Homeless encampment organizers vow to stay at location near Ben Franklin Parkway despite deadline

Katherine Scott Image
Tuesday, July 14, 2020
City plans to shut down homeless encampment near Ben Franklin Parkway
City plans to shut down homeless encampment near Ben Franklin Parkway

PHILADELPHIA (WPVI) -- Organizers of an encampment of homeless people near Philadelphia's Benjamin Franklin Parkway are vowing not to leave despite the city's announced intention to clear the camp by week's end.

"Residents have decided they're not leaving," one organizer, Jennifer Bennetch, told reporters Monday. "Organizers have advocated that they stand up for themselves. We're not going to get kicked around by the city like a soccer ball."

Another organizer, Scott Matt, said the group now has the city's attention "because we're visible all in one spot" and cannot leave that place.

However, some tents from the encampment on the Ben Franklin Parkway have moved to the Azalea Garden in Fairmount Park.

City officials last week announced that the grouping of scores of tents will be removed Friday from the athletic field where they've been for the past month. They called it a "last resort" but said organizers had refused all offers and kept changing their demands, and it was hard to tell who was speaking for the full group.
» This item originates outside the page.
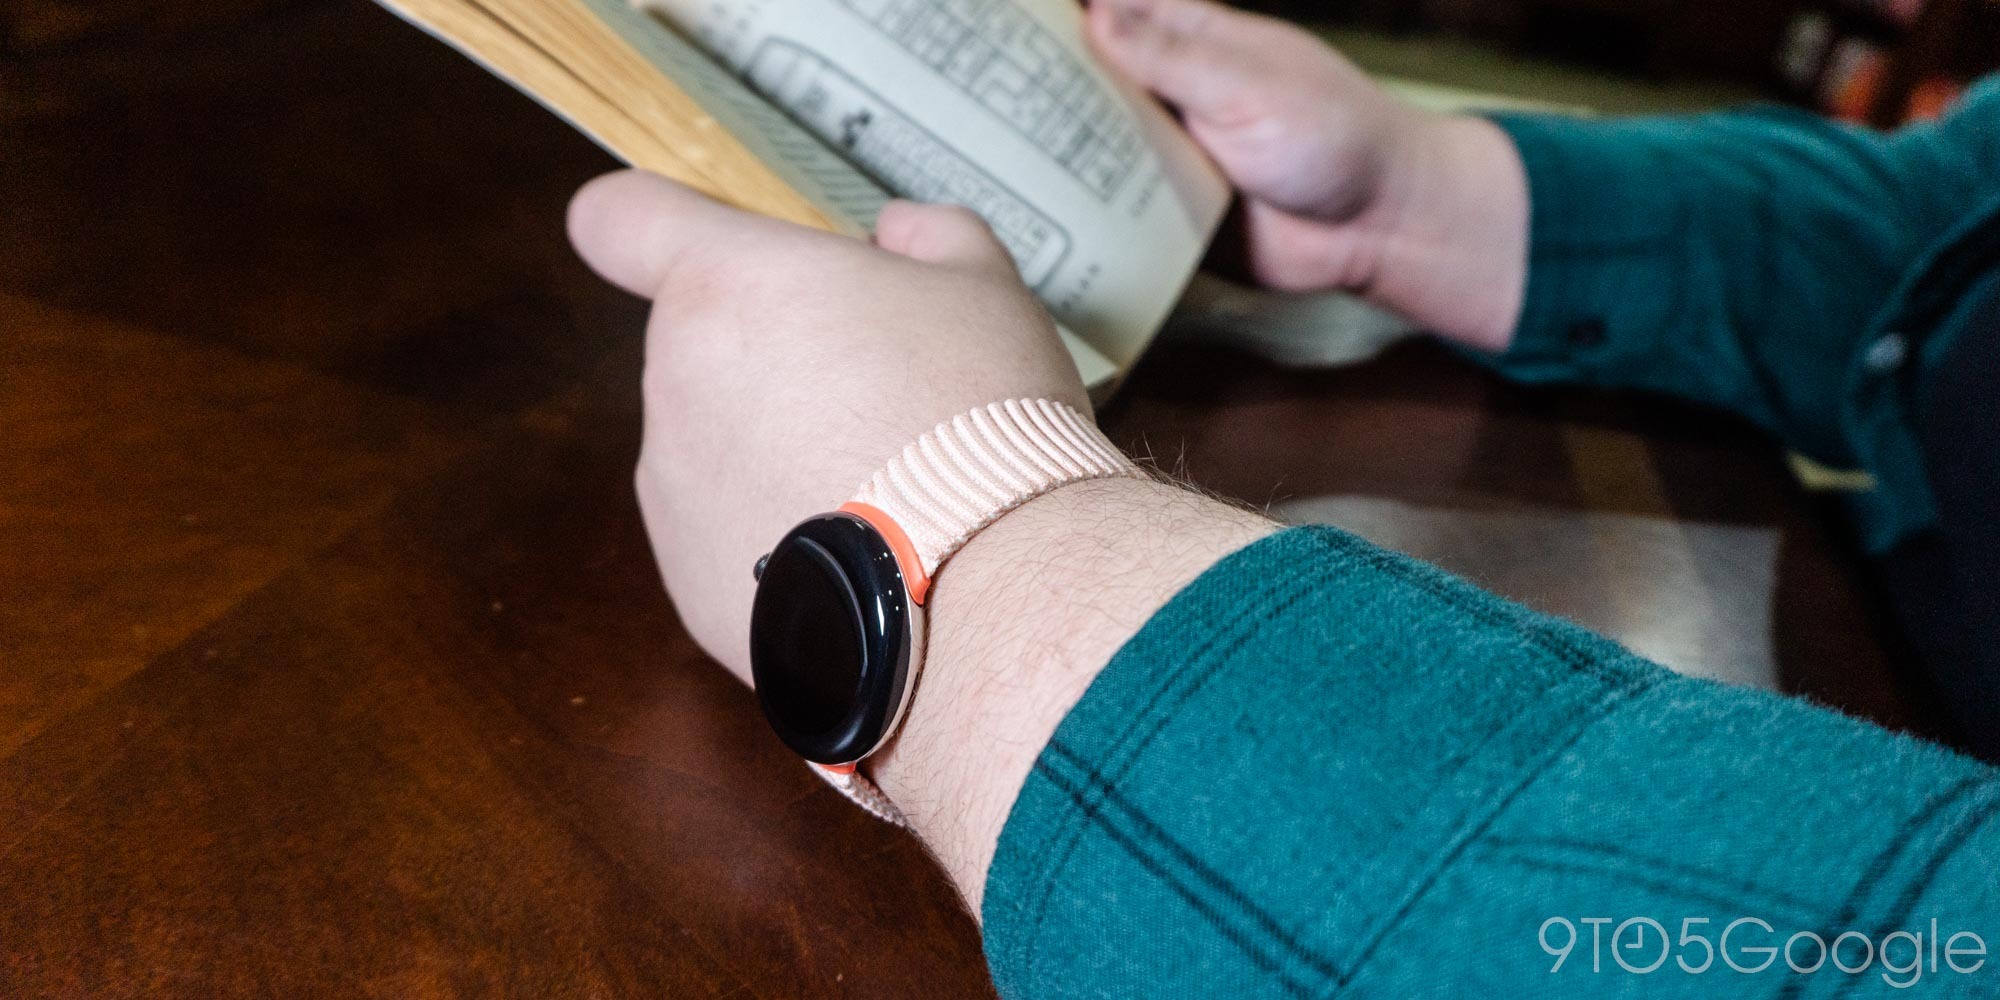 Review: Pixel Watch Stretch Band is soft like a warm, cozy sweater | Uhrenarmbänder
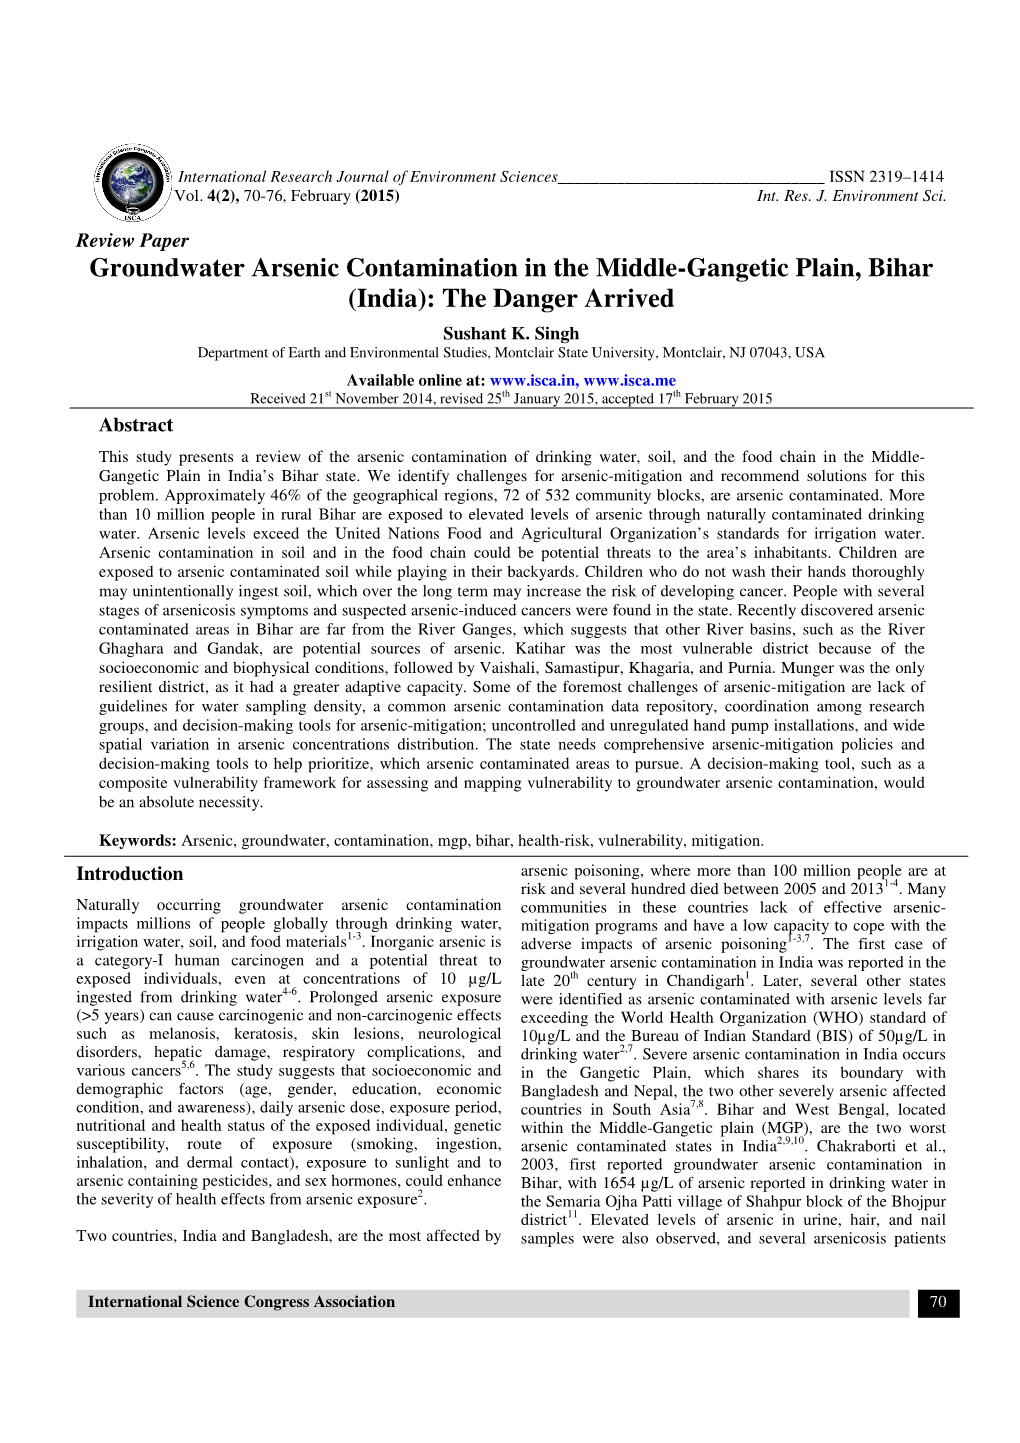 Groundwater Arsenic Contamination in the Middle-Gangetic Plain, Bihar (India): the Danger Arrived

Philadelphia Housing Action, a coalition of groups that organized the encampment, said it was conceived as a form of political protest over city policies toward the homeless and the lack of low-income housing in the city.

Many speakers said Monday they had little faith in officials' comments that they were open to providing small houses.

On Tuesday, the City said the tents in the Azalea Garden are part of the Parkway encampment, so they do expect them to be part of the Friday deadline.

Last week, the City said it tried to reach an agreement peacefully but when outreach workers entered the camp some people got violent. Organizers denied this claim.

As of now, it is unclear how people will be moved if they don't choose to leave on their own.

The Associated Press contributed to this report.